Last night, I was introduced to a filmmaker from South Africa who had a goddess-y headband, Burning Man outfit, and a commitment to protecting the Earth and advancing a new paradigm. At first I enjoyed talking with her.
But when the conversation turned to our current politics, she voiced what is an increasingly common form of spiritual bypassing, which is saying about both Republicans and Democrats, “I feel like they are all the same, none are better than others. It’s just theater.”
While she had not grown up in our country, had done close to no study of U.S. politics, and was not curious about my perspective as someone who has developed deep knowledge, she was very, very sure that she was right. “It’s what my intuition tells me.” In the conversation, she started to show a rigidity of belief and defensiveness that emerges when viewpoints become shields rather than a jumping off point for true inquiry.

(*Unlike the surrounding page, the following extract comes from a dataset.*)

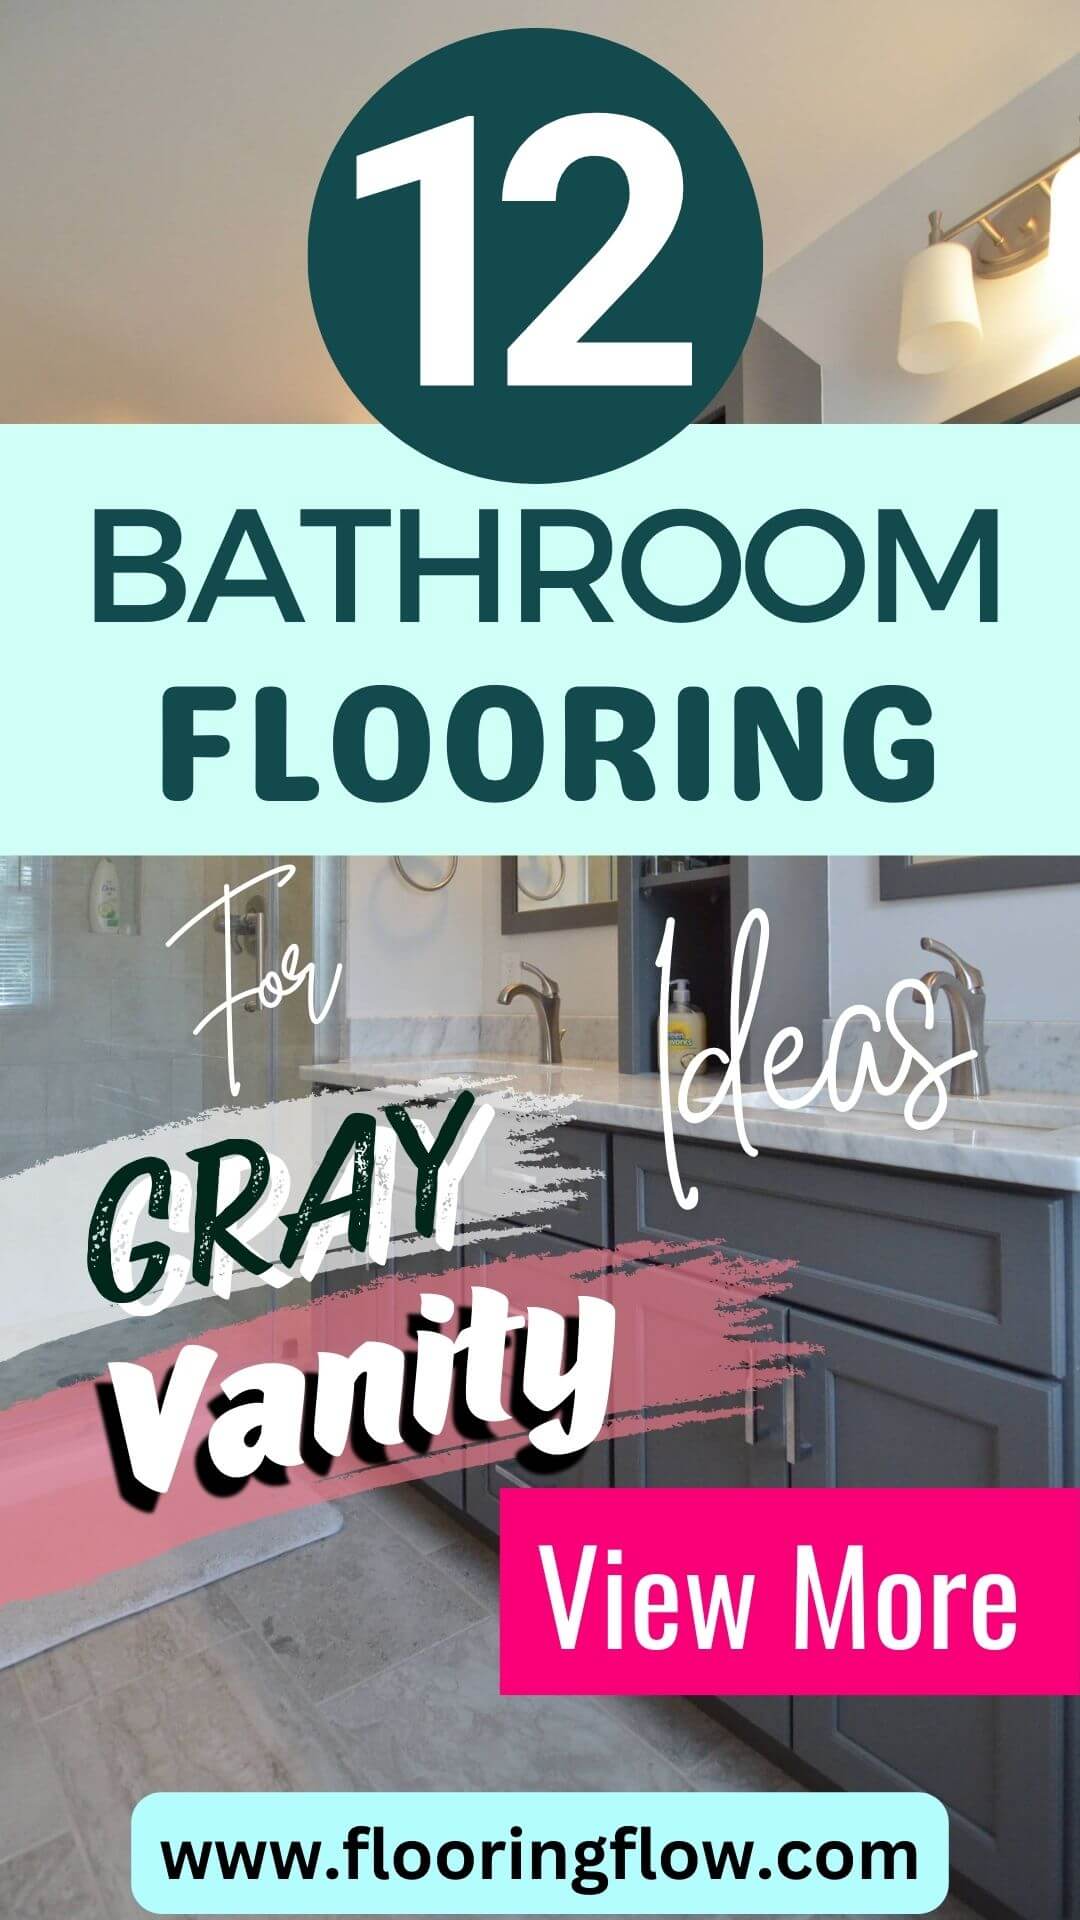 Bathroom flooring ideas for gray vanity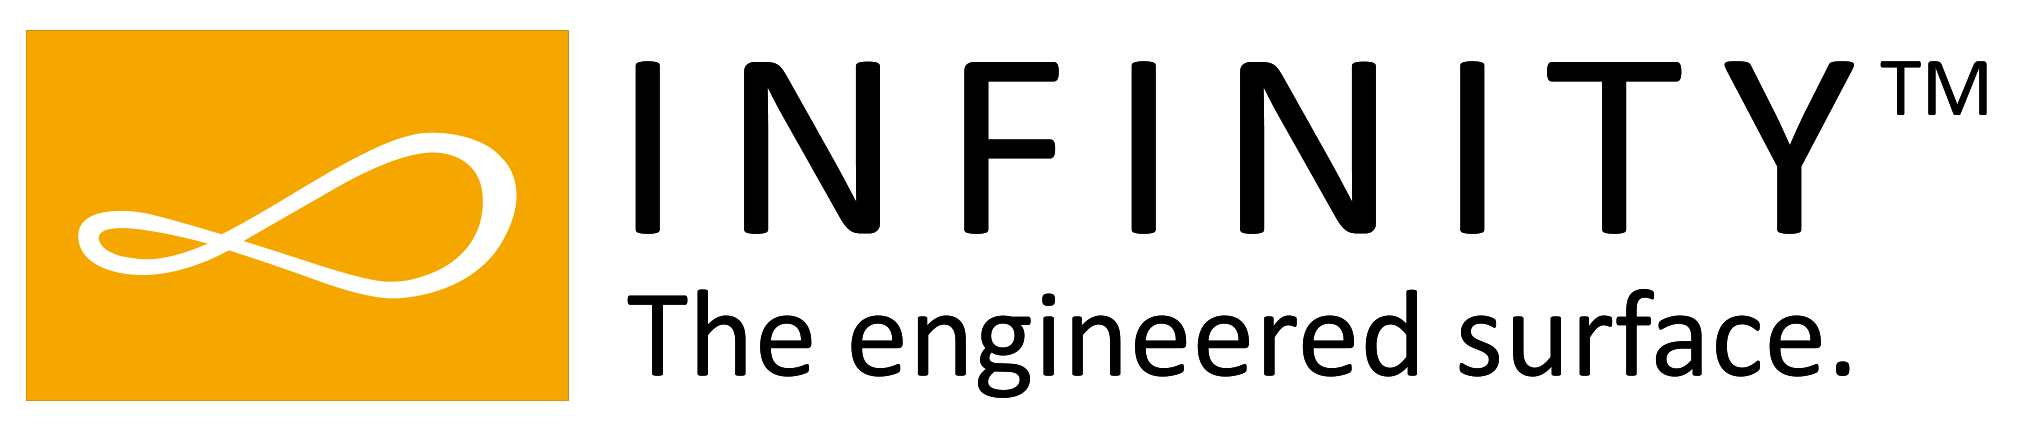 Logo de Infinity

We ended the conversation and I walked away thinking more about the the belief system that she had taken on that gave her comforting illusions about what is happening and prevented her from playing a meaningful role.
Her form of spiritual both sides-ism provided a number of things for her, from what I could tell. First, it allowed her to dissociate from the suffering now being caused by the Trump administration and not have to feel the cruelty, the callousness, and the degradation of morals, values, and democracy underway. She would gloss over each mention of such things and say something like “Well there are positive things happening as well.” She confessed she originally thought Trump was going to be a positive leader, a common belief in MAHA circles. From my perspective the spiritual both sides-ism allowed her to be insulated from the pain of others. It allowed her to skim over things she found uncomfortable to face. It allowed her to stay in a protected bubble
Second, it elevated her ego. Even with little knowledge, she could claim a kind of “higher ground,” with her only evidence to support her position being her personal intuition and most likely the validation of countercultural community members. She could feel superior to the “mainstream” and thus feel that her work - showcasing the voices of countercultural change agents that she believed in - was the real, valid and important work. The rest was “theater.”
Third, it made her life simpler by giving her a self-validating belief that didn’t require rigor, discernment, or any intellectual effort. She didn’t have to wrestle with integrating different points of view, open her heart to different stories, delve into history or strategy, face the truly destructive aspects of what is going on, or forge a pathway that could transform the traumas behind the cruelty. She didn’t have to understand the psychological dynamics playing out or invest in the humanity of the people holding different views. She could kind of float above it and feel superior to it without the work.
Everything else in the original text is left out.